Once the parquet files are in your S3 or GCS bucket, you can import them into data platforms like Fivetran or data warehouses like Redshift, BigQuery, and Snowflake.

We attempt to sync every 15 minutes, though actual sync intervals and processing times may vary. When syncing large data sets, or Customer.io experiences a high volume of concurrent sync operations, it can take up to several hours to process and export data. This feature is not intended to sync data in real time.

During the first sync, you’ll receive a history of your Deliveries, Metrics, Subjects, and Outputs data. However, People who have been deleted or suppressed before the first sync are not included in the People file export and the historical data in the other export files is anonymized for the deleted and suppressed People.

Set up a Database Integration

Data warehouse sync publishes data to a bucket that you can then ingest into your data warehouse.
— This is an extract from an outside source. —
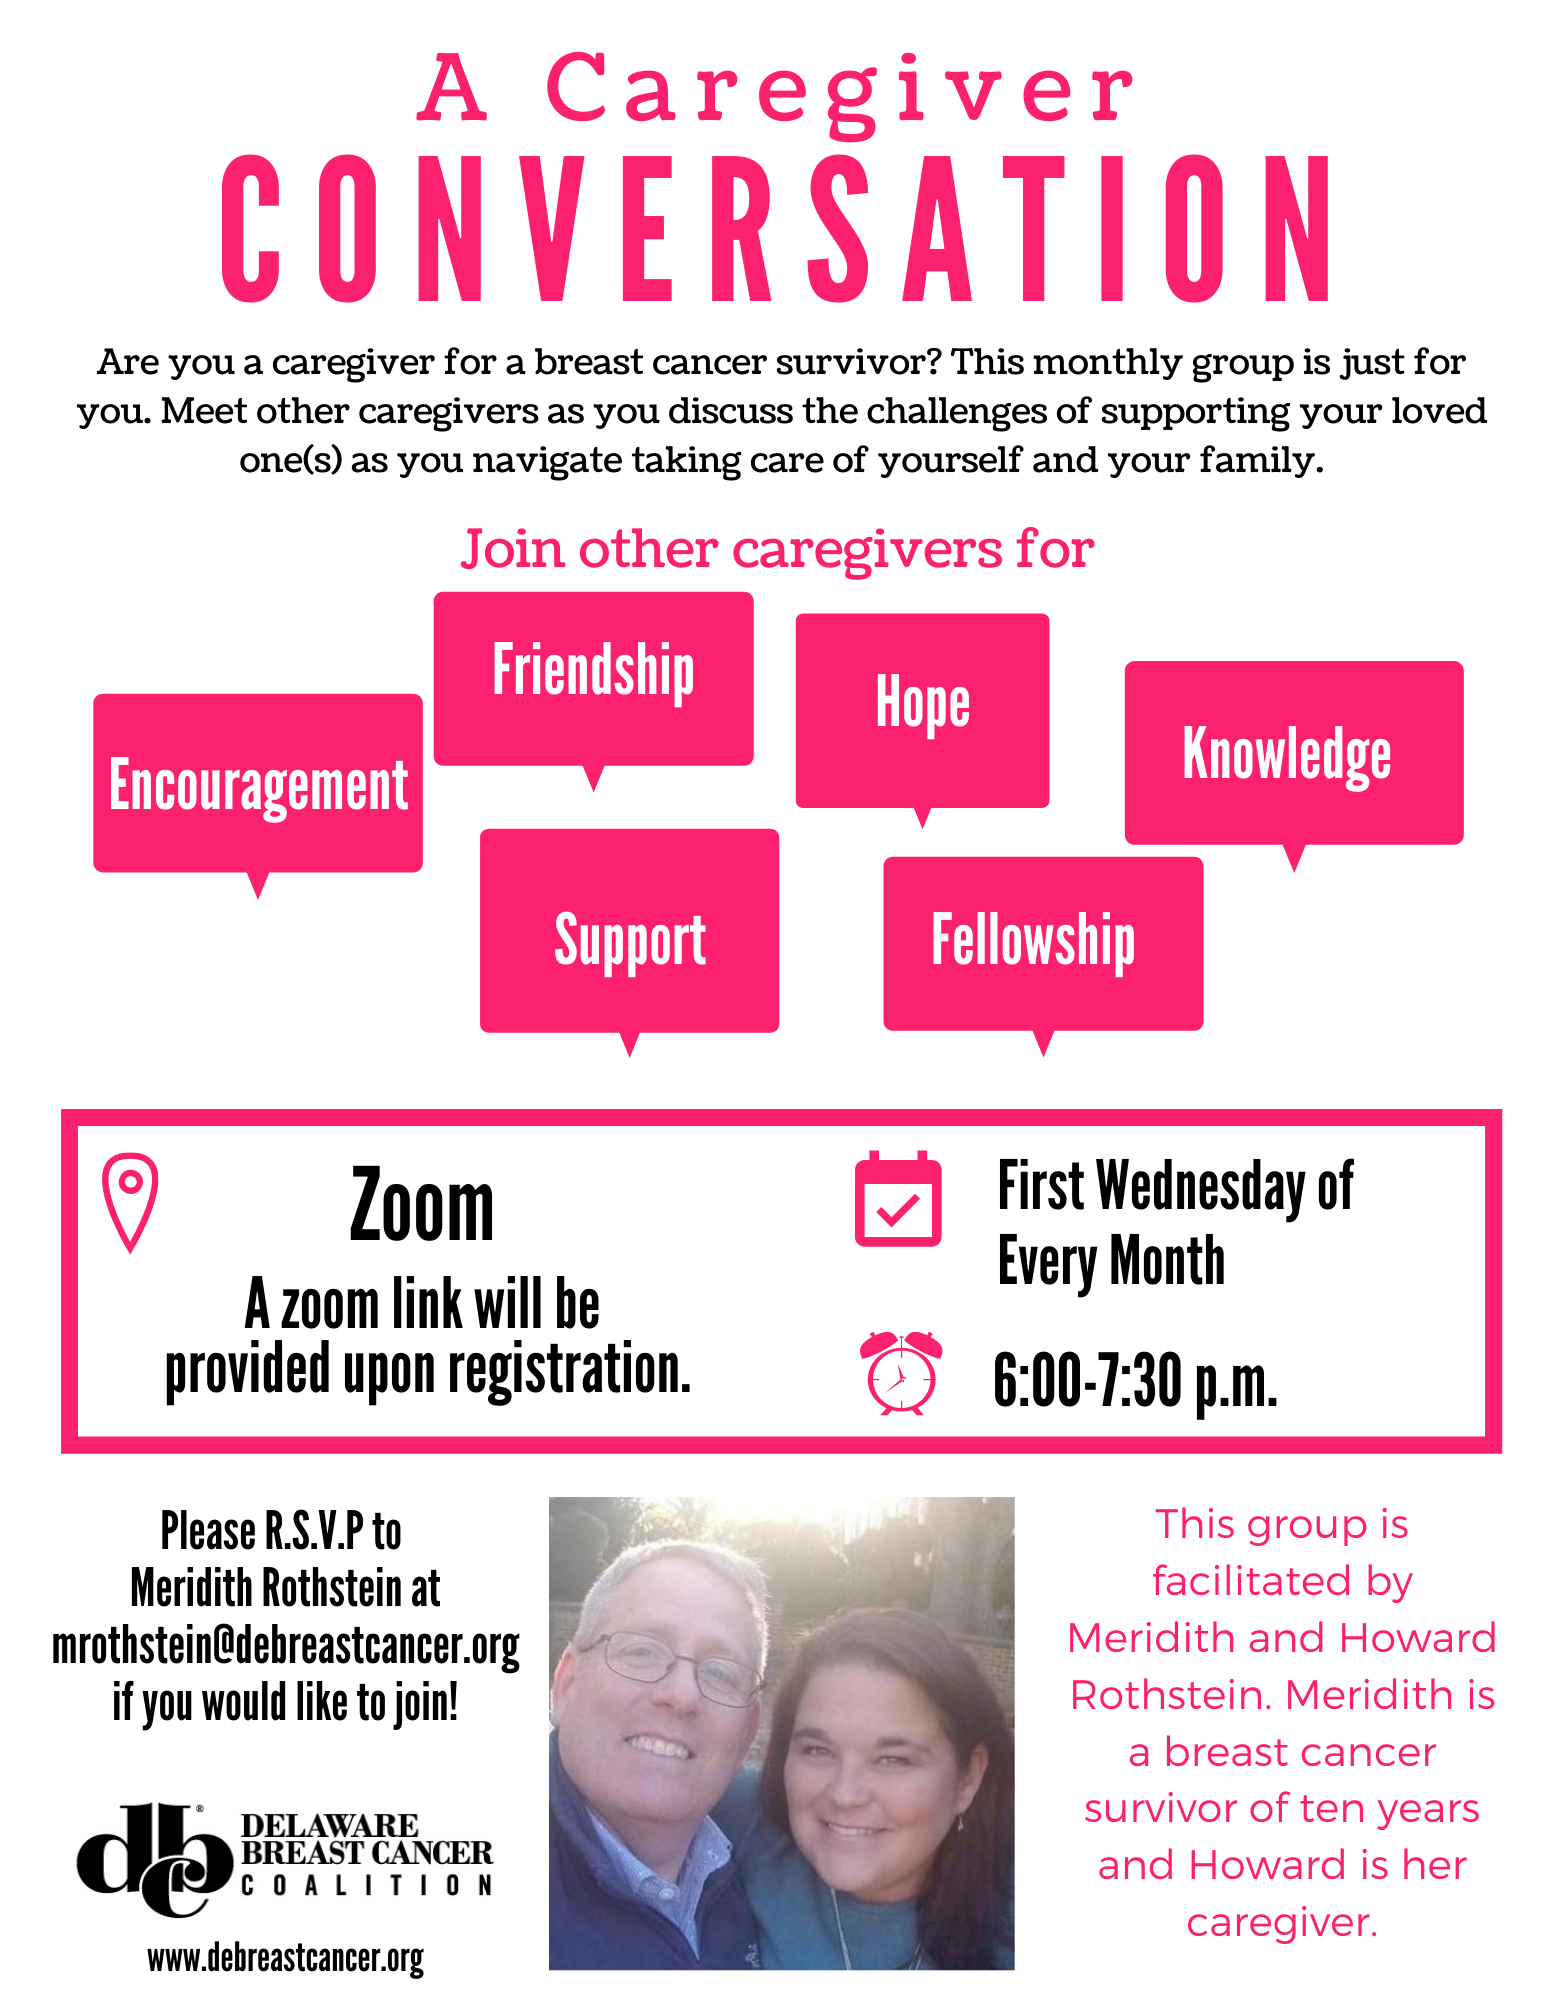 A Caregiver Conversation event flyer

In the Integrations > Databases catalog, you can select Amazon Redshift, Snowflake, Google BigQuery, etc, but the setup in Customer.io is the same: you point your workspace to the Amazon S3 or Google Cloud Storage (GCS) bucket you want to export parquet files to.

You must set your data warehouse to ingest this data. There are many approaches to ingesting data, but it typically requires a COPY command to load the parquet files from your bucket. After you load parquet files, you should set them to expire so they are automatically deleted.

Snowflake integration example
Snowflake integration example

Set up Data Warehouse Sync with Google Cloud Storage

Before you begin, make sure that you’re prepared to ingest relevant parquet files from Customer.io.

You must set up a service account key in JSON that grants read/write permissions to your GCS bucket. You’ll provide the contents of this key to Customer.io when setting up your integration.

  1. Log in to Customer.io.

  2. Go to Integrations and select your database integration with Google Cloud Storage as your Sync Bucket, or select Google Cloud Storage as a direct integration.

  3. Enter information about your GCS bucket and click Validate & select data.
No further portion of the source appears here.